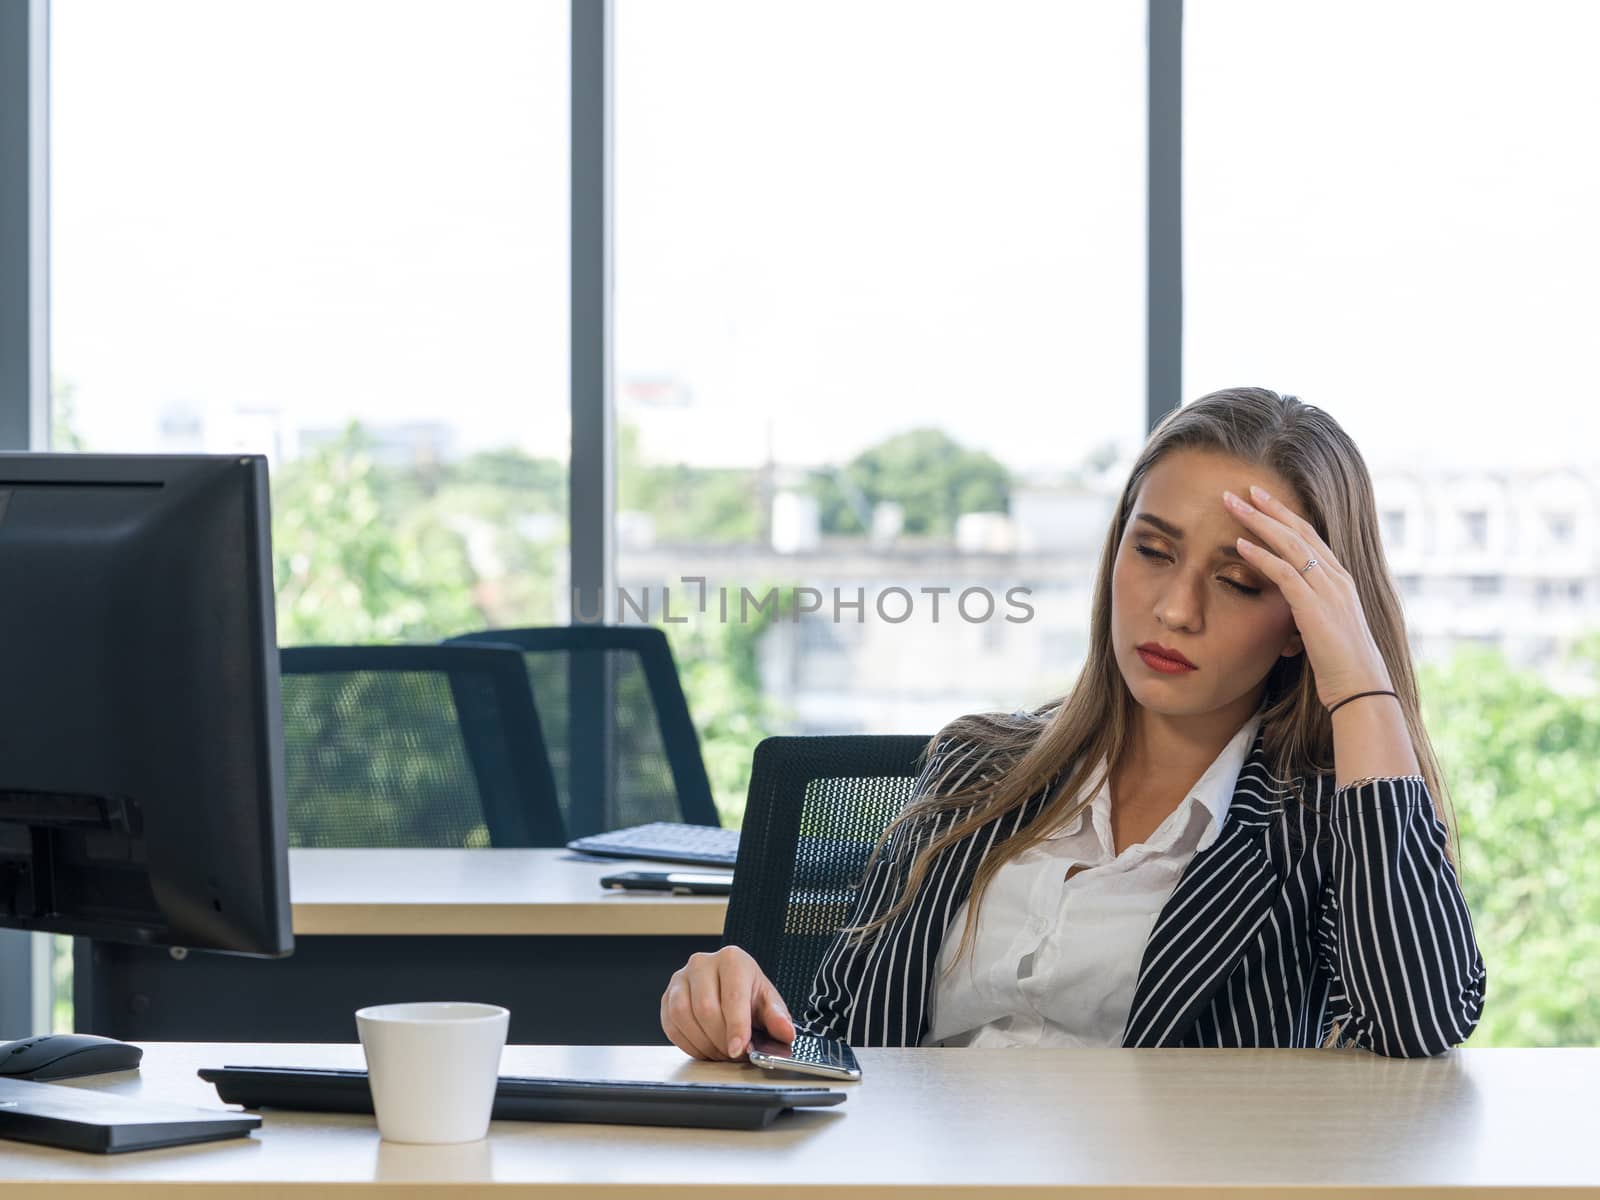 Morning work atmosphere In a modern office. Teen employees rest her eyes due to dizziness and headaches. After clearing the remaining pending work.
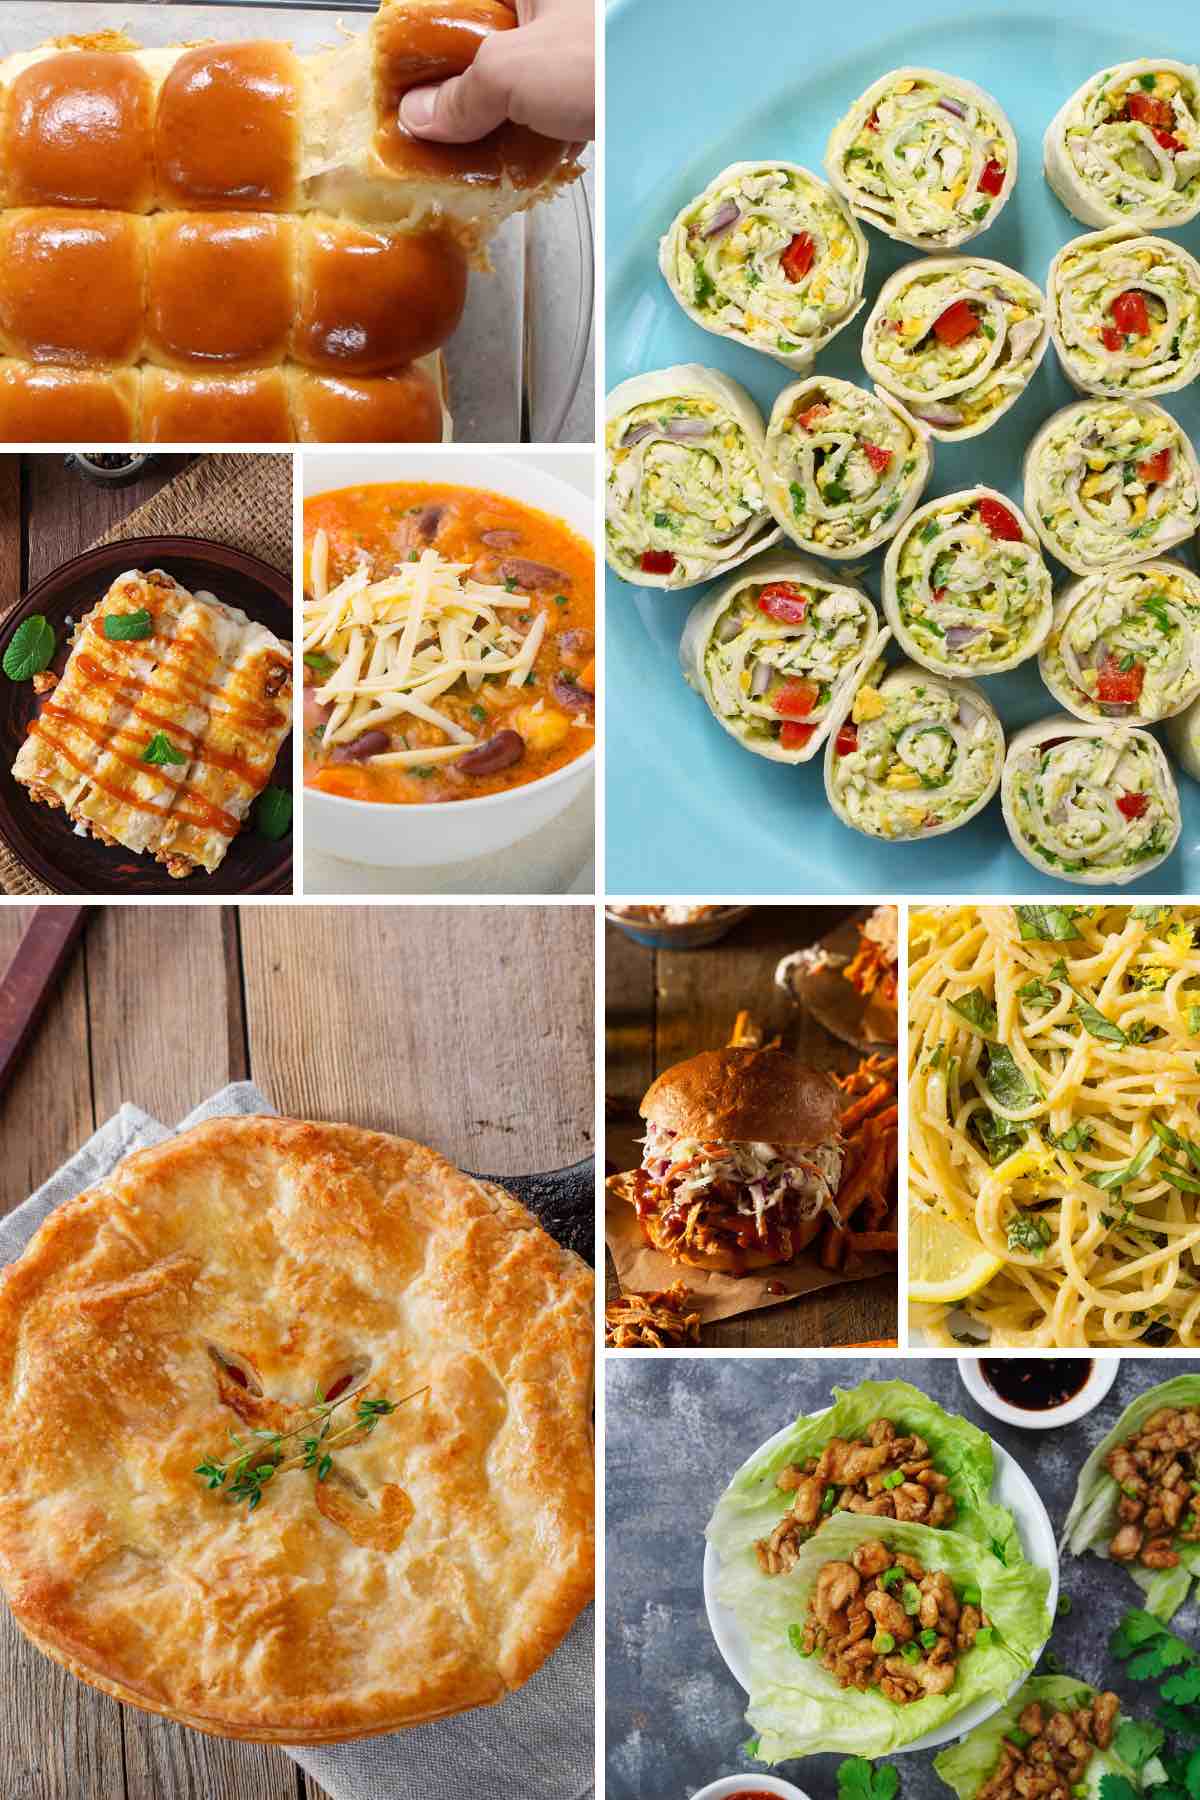 Canned chicken recipes such as pot pie, sliders, roll-ups and lettuce wraps.
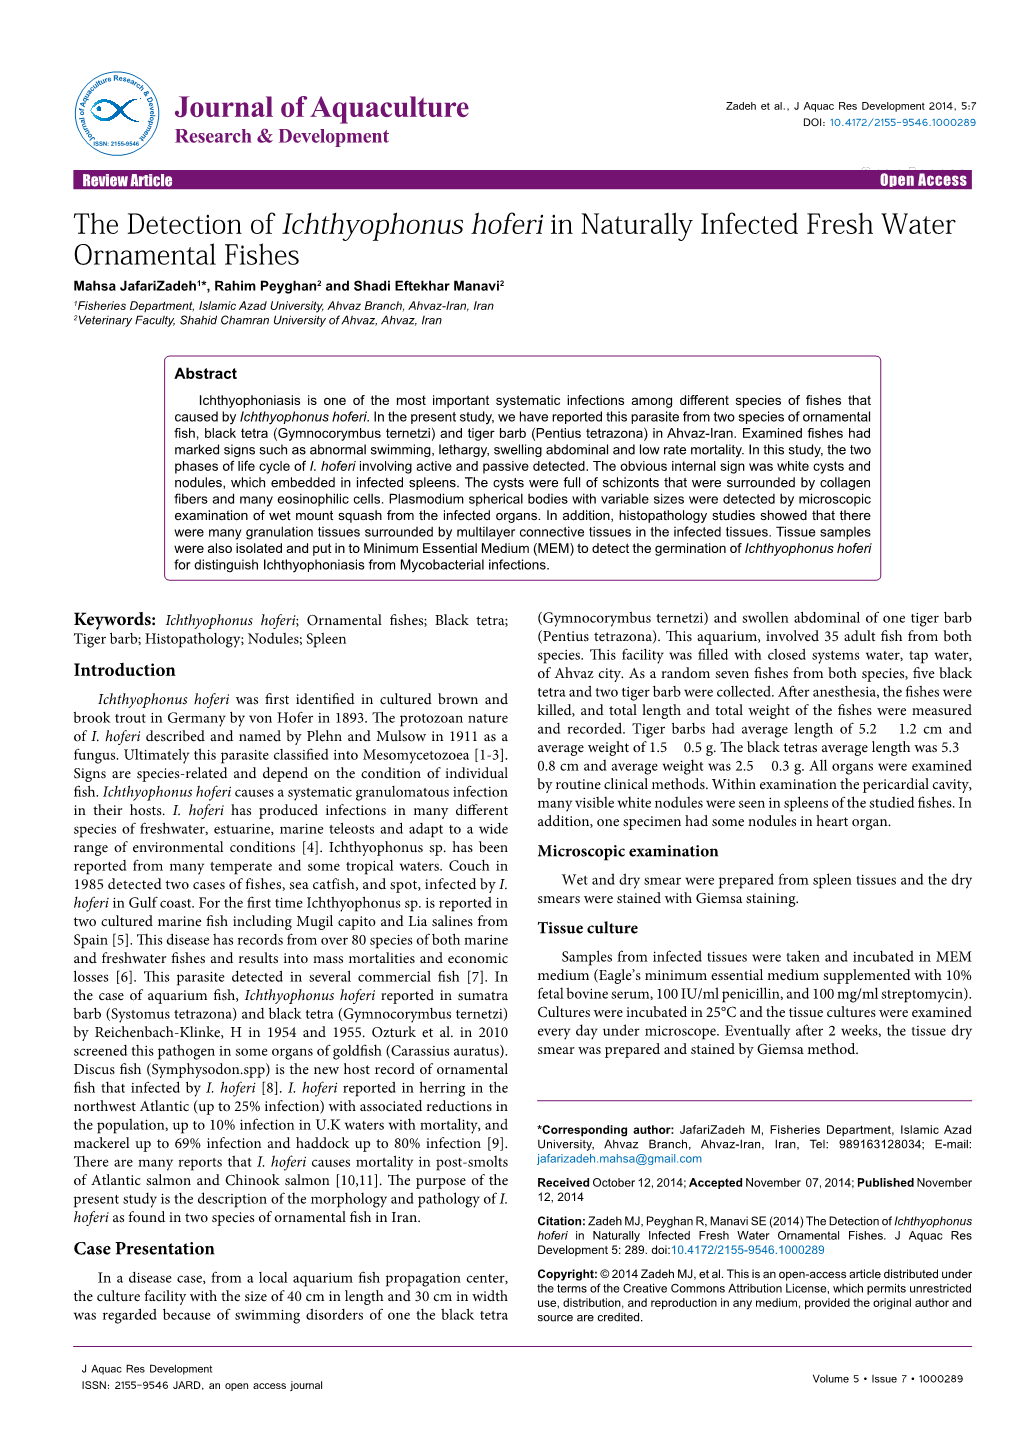 The Detection of Ichthyophonus Hoferi in Naturally Infected Fresh Water
....
(AIM OF THE TASK)
The lines from the start of the data through the line that contains "Canned chicken recipes" are to be returned exactly, please, with both ends included and every picture left out.

(ANSWER BELOW)
 Morning work atmosphere In a modern office. Teen employees rest her eyes due to dizziness and headaches. After clearing the remaining pending work.
 Canned chicken recipes such as pot pie, sliders, roll-ups and lettuce wraps.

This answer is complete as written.